SOURCE MATERIAL -
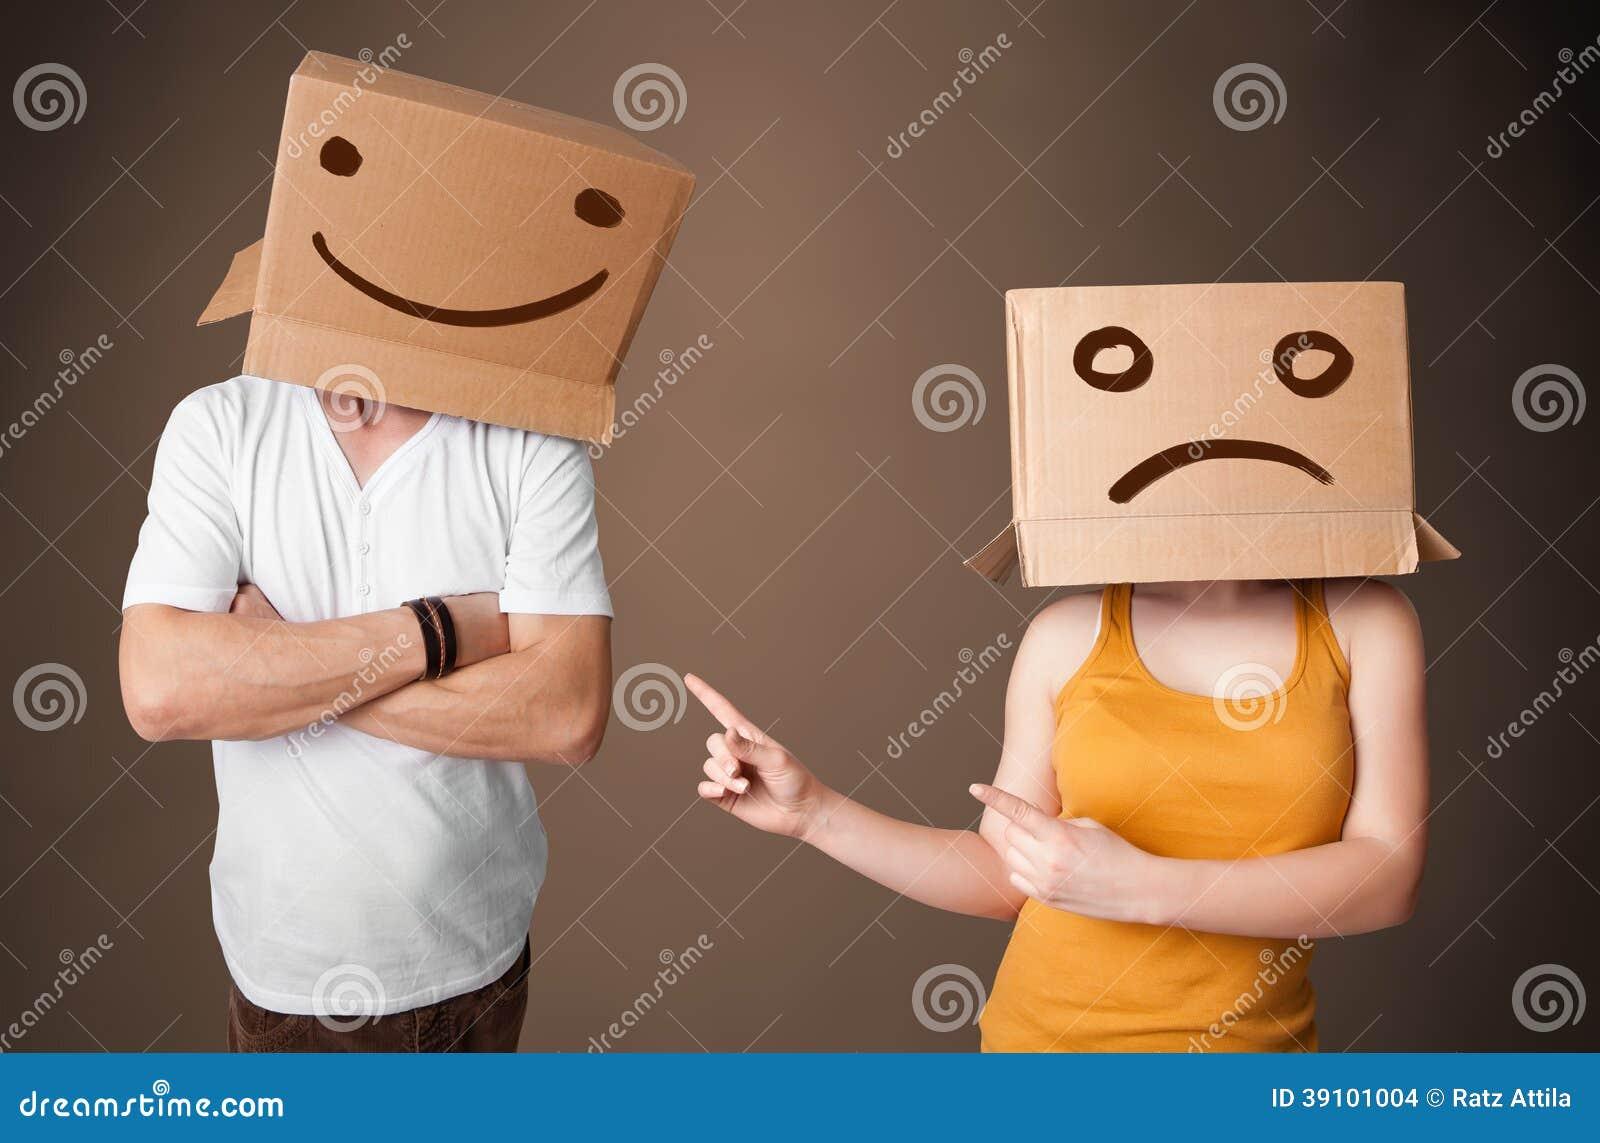 Mensen in kostuum het gesturing met getrokken smileygezichten
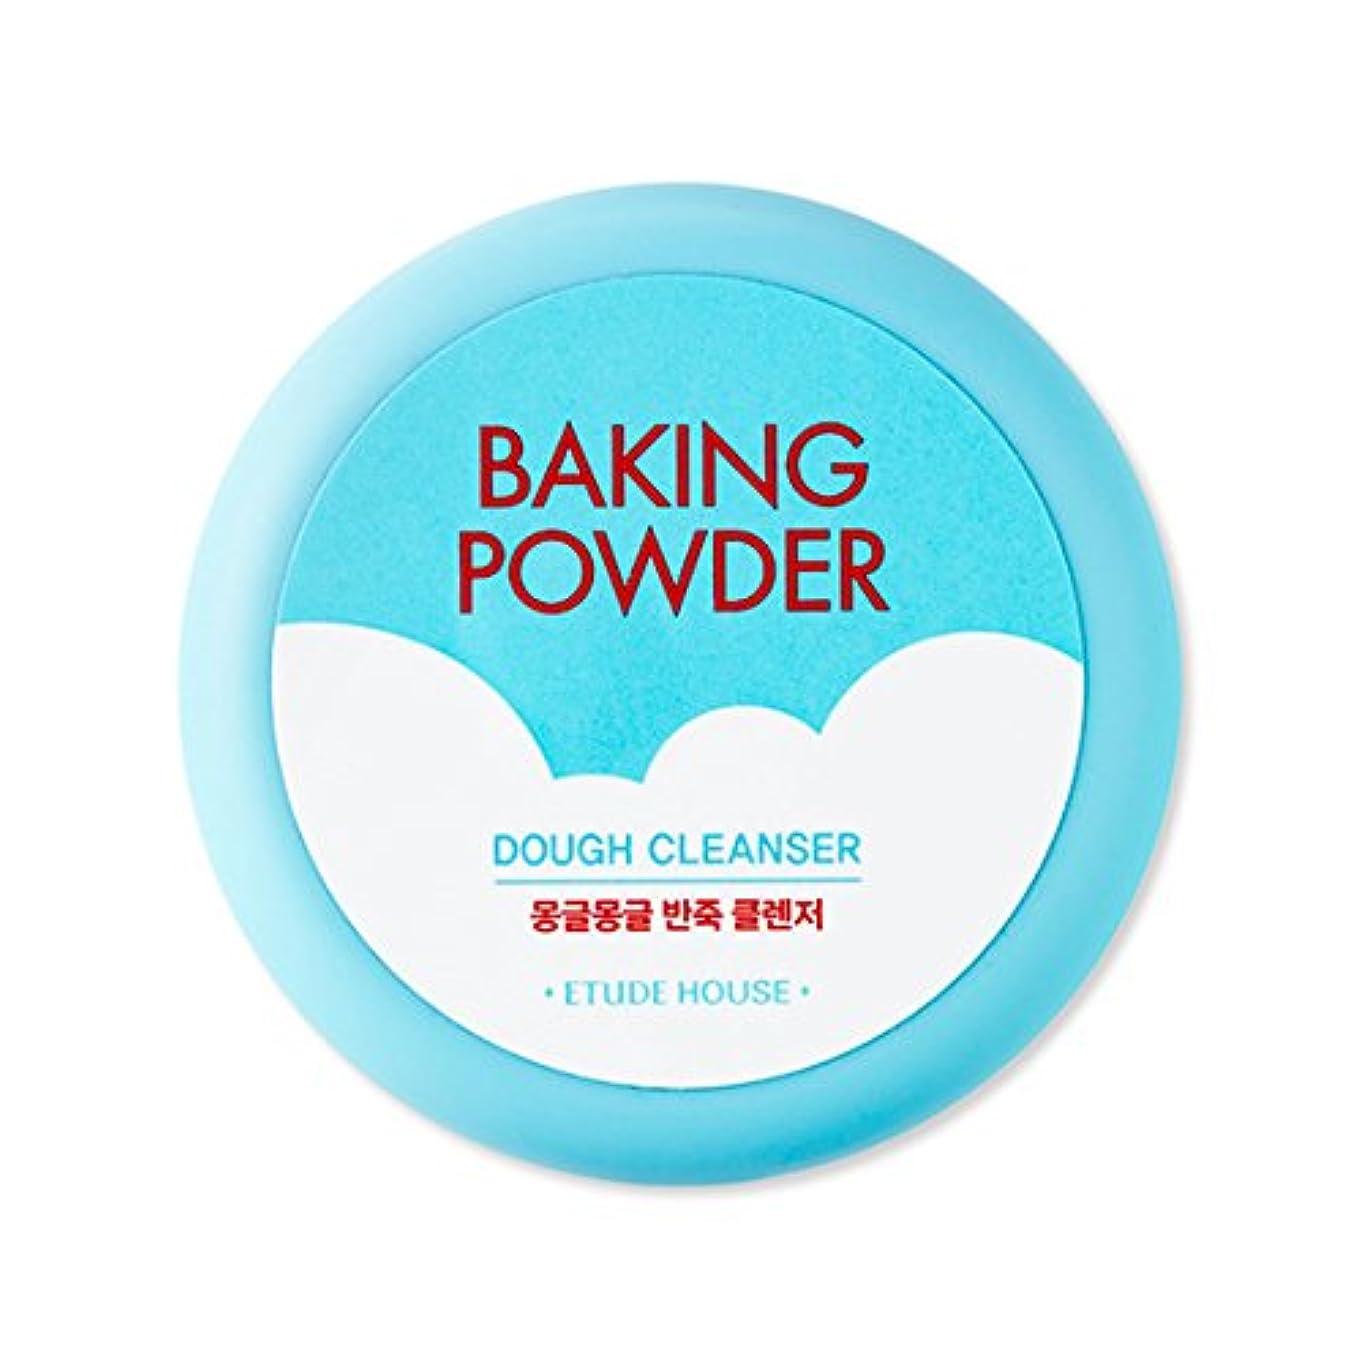 トランク間違いなくディレイ[New] ETUDE HOUSE Baking Powder Dough Cleanser 90g/エチュードハウス ベーキング パウダー ドウ クレンザー 90g [並行輸入品]
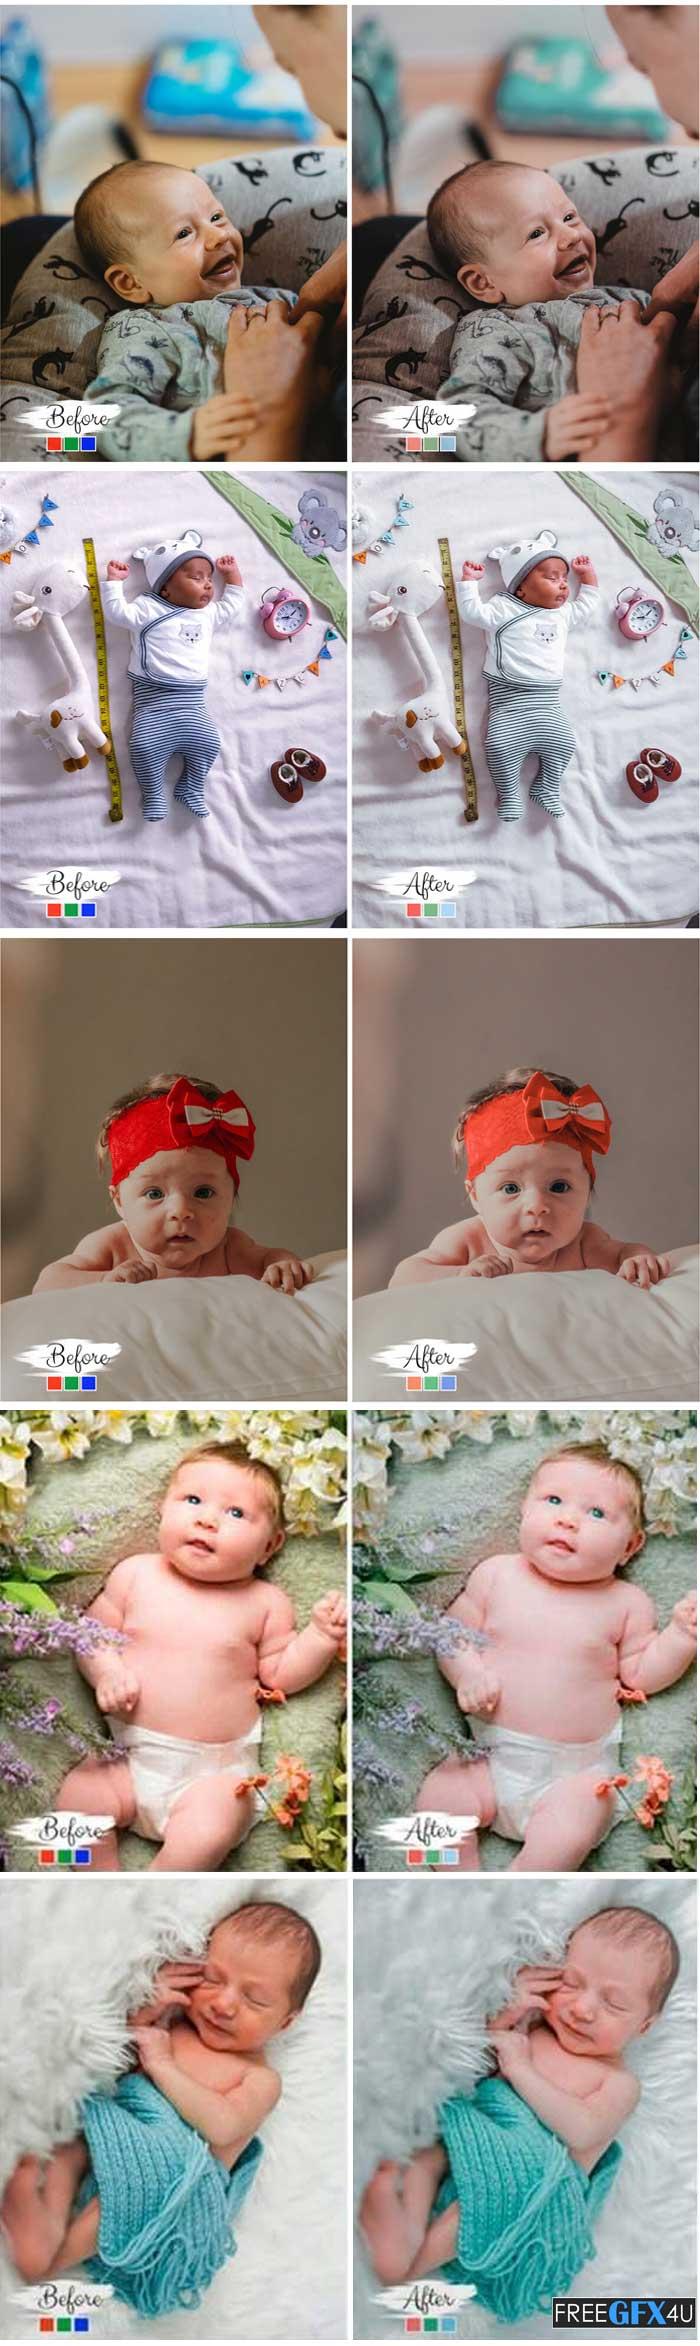 10 Photoshop Actions ACR Little Wonder
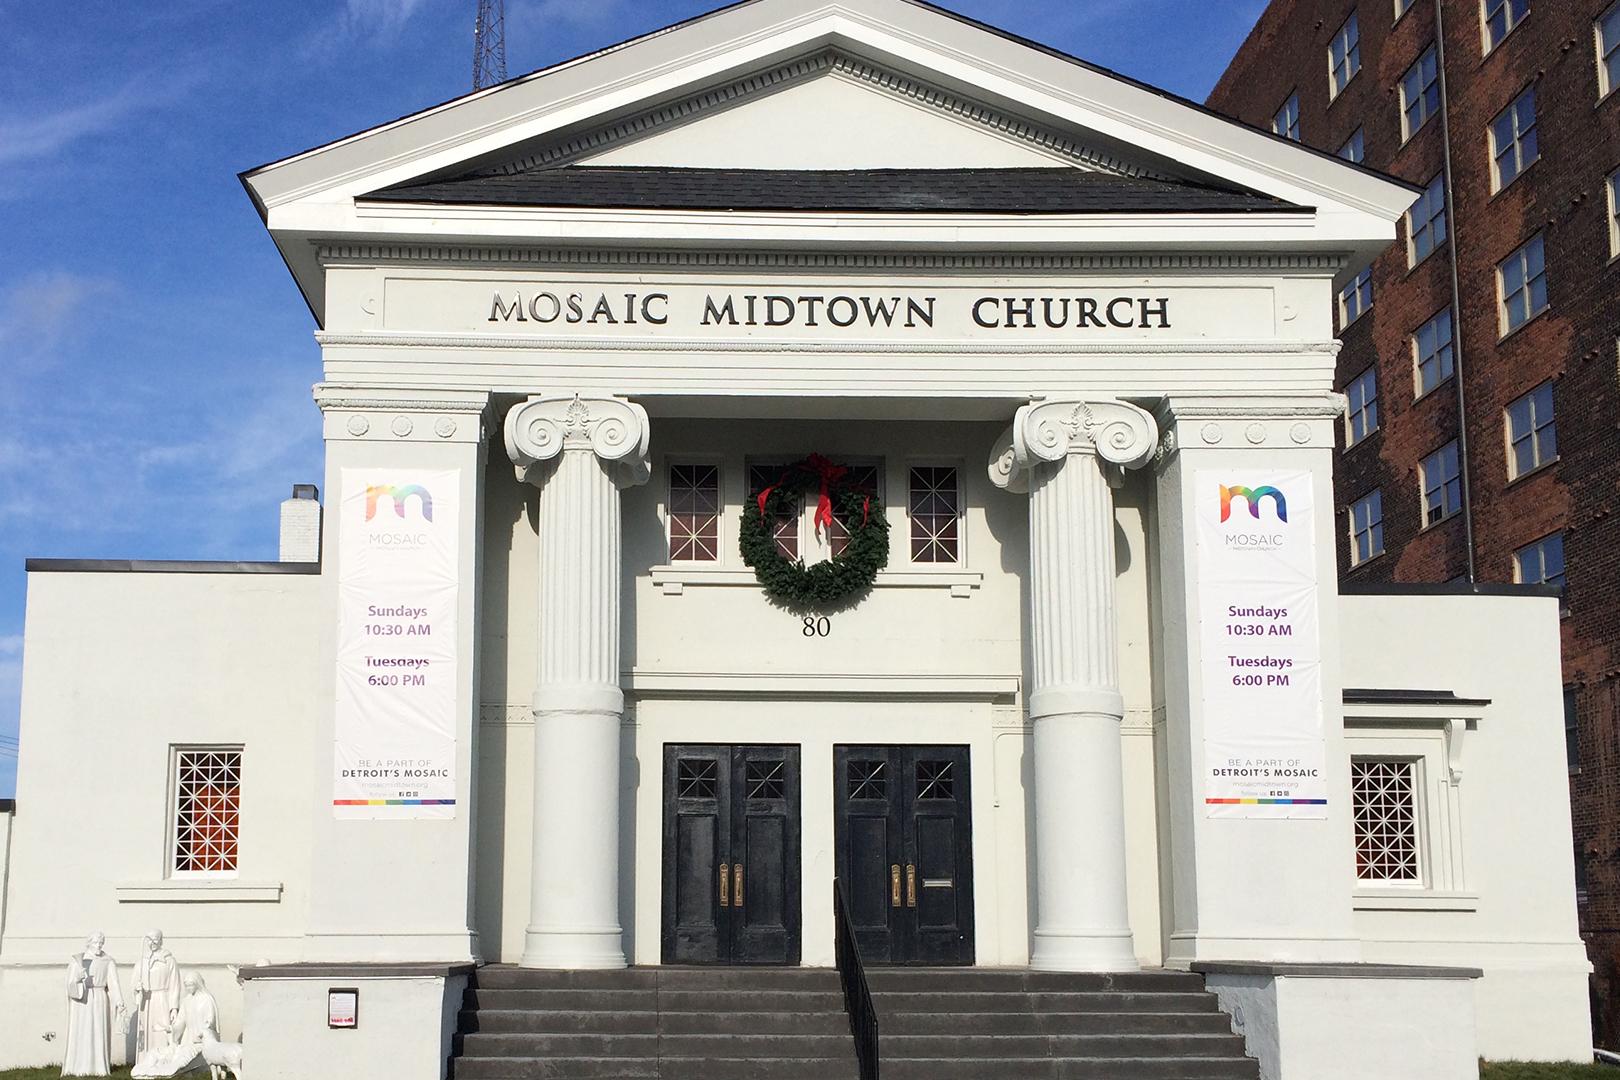 Mosaic Midtown Church

TASK - Once the pictures are removed, repeat all of the data above exactly.

WRITTEN SOLUTION -
 Mensen in kostuum het gesturing met getrokken smileygezichten
 トランク間違いなくディレイ[New] ETUDE HOUSE Baking Powder Dough Cleanser 90g/エチュードハウス ベーキング パウダー ドウ クレンザー 90g [並行輸入品]
 10 Photoshop Actions ACR Little Wonder
 Mosaic Midtown Church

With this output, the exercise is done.